POTUS 'convinced' that Russia will invade Ukraine

POTUS 'convinced' that Russia will invade Ukraine
Vice President Joe Biden greets Russian Prime Minister Vladimir Putin at the Russian White House, in Moscow, Russia, March 10, 2011. (Official White House Photo by David Lienemann)

President Joe Biden on Friday addressed the nation on the heightening tensions along the Russia-Ukraine border, where nearly 200,000 troops have amassed in what the West believes is a harbinger of an invasion.

Speaking from the Roosevelt Room in the White House, Biden said that Russian President Vladimir Putin has already made up his mind about launching a military offensive into Europe's Eastern-most democracy.

“We have reason to believe the Russian forces are planning to, intend to, attack Ukraine in the coming week, in the coming days,” Biden said. “We believe that they will target Ukraine’s capital Kyiv, a city of 2.8 million innocent people.”

Biden further revealed that he is "convinced" that Putin has "made the decision" to send his forces into Ukraine, although he stressed that Putin can still "choose diplomacy.”

The president also declared that "it is not too late to de-escalate and return to the negotiating table" in anticipation of next Wednesday's scheduled talks between United States Secretary of State Antony Blinken and Russian Foreign Minister Sergei Lavrov.

Biden warned however that “if Russia takes military action before that day, it will be clear that they have slammed the door shut on diplomacy.”

Concerns over an imminent Russian incursion swelled this week following multiple instances of shelling and artillery fire in the Donetsk and Luhansk regions of Eastern Ukraine.

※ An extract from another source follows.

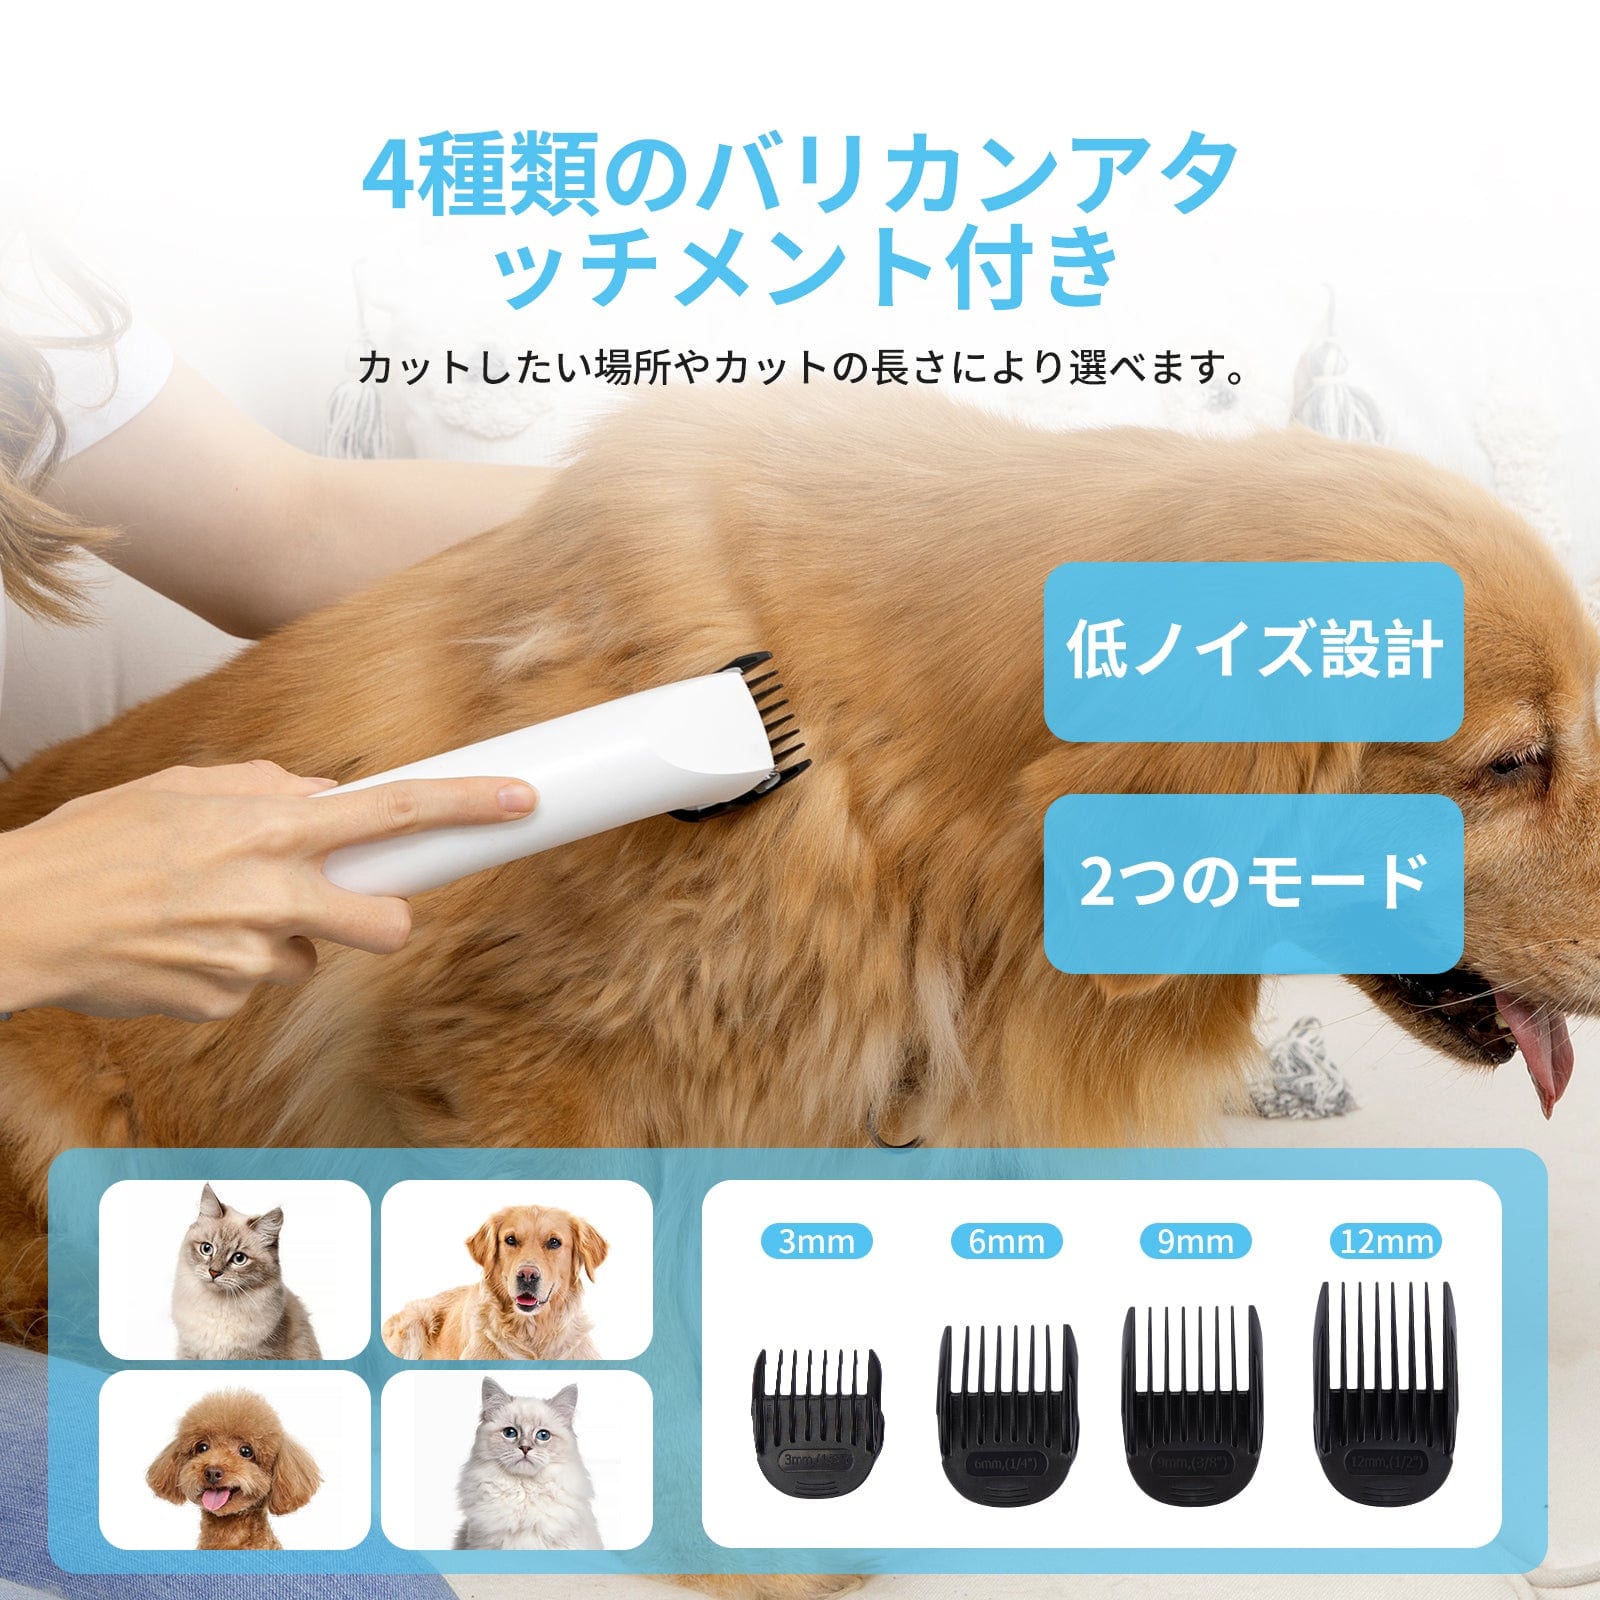 Dog Grooming Kit with 5 Professional Grooming Tools Pet Grooming Vacuum Kit

Despite numerous intelligence reports that Russian-backed separatists were behind the attacks, the Kremlin blamed the Ukrainian government. This validated the fears among North Atlantic Treaty Organization member nations that Russia was planning to carry out false-flag operations that they could pin on Ukraine and use as a pretext for a formal invasion.

“Starting several weeks ago, we acquired information that the Russian government was planning to stage a fabricated attack by Ukrainian military or security forces against Russian sovereign territory, or against Russian-speaking people in separatist-controlled territory, to justify military action against Ukraine,” Michael Carpenter, the American ambassador to the Organization for Security and Co-operation in Europe, wrote on Friday.

But engaging in a traditional ground war is not the only danger that Russia poses to global geopolitical and economic security. Moscow has a sophisticated cyber-warfare apparatus with the capability of disrupting international commerce and disabling electrical grids. The Russians also control a vast swath of the continent's energy resources – specifically oil and natural gas – worth hundreds of billions of dollars and upon which much of Western Europe depends.